A Methodist museum is housed in the preachers' rooms above the chapel. The courtyards around the building contain statues of John Wesley and his brother Charles.

History and architecture
In March 1739 John Wesley began preaching in the open fields at Bristol, and founded societies there. Under Wesley's direction, the building followed two months later, making it the oldest purpose-built Methodist chapel in the world. He called it "our New Room in the Horsefair".

The chapel was built with a double-decker pulpit, which was common at the time, and is lighted by an octagonal lantern window to reduce the amount paid in window tax. In addition to meetings and worship, the New Room was used as a dispensary and schoolroom for the poor people of the area. The pews and benches were made from old ship timber. The Baldwin and Nicholas Street Methodist societies combined to form the United Society, which met at the New Room from 3 June 1739. Wesley insisted that meetings at the New Room should only be held outside of Anglican church hours as he wanted Methodism to complement rather than compete with Anglican worship.

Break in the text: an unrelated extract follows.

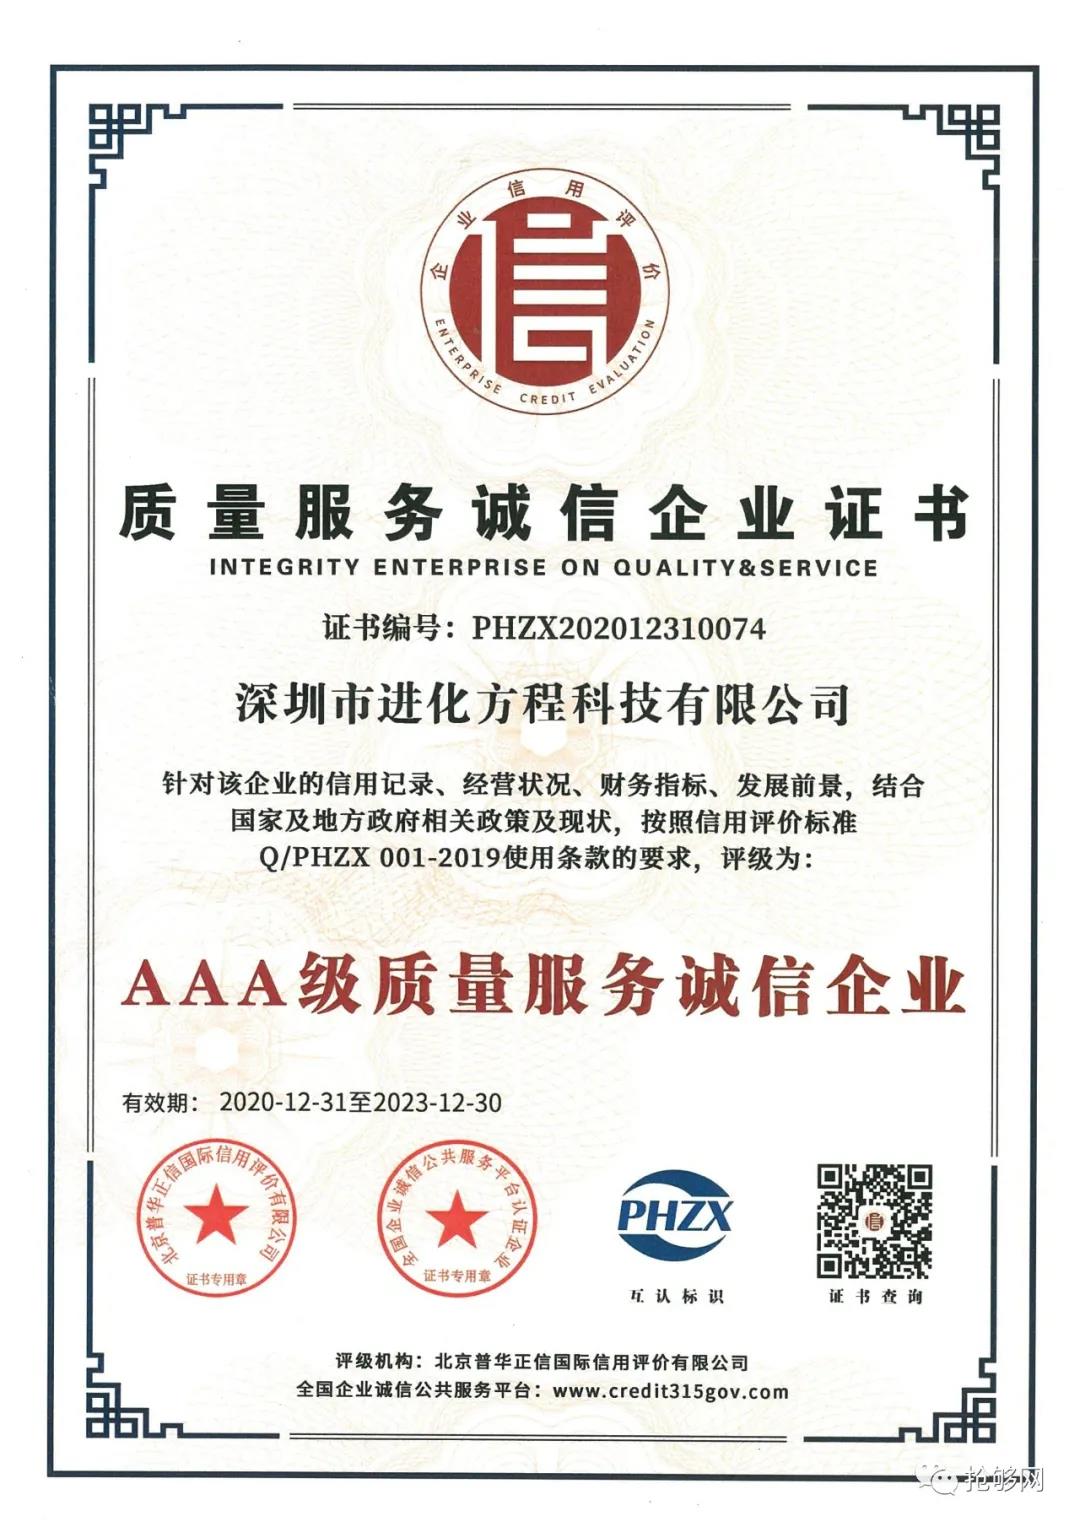 喜讯!深圳市进化方程科技有限公司获官方认证,授予aaa级信用等级证书

In 1748 it was extended, possibly by the Quaker architect George Tully in view of the stylistic similarities with the Friends' Meeting House at Quakers Friars of the same period. John Wesley believed that liturgical worship should be carried out in churches, and only reluctantly allowed the enlarged New Room to comply with the Toleration Act of 1689, making it a formal place of worship. Rooms were built above the chapel, in which Wesley and other travelling preachers stayed. Wesley lived at the New Room from 1748 to 1771 and administered Holy Communion there when his brother Charles was away. Wesley added to the Methodist offer in Bristol by selling his published works from a bookstore in the New Room. Analysis of the complete printed output of Bristol between 1695 and 1775 shows that over half was written by Methodists.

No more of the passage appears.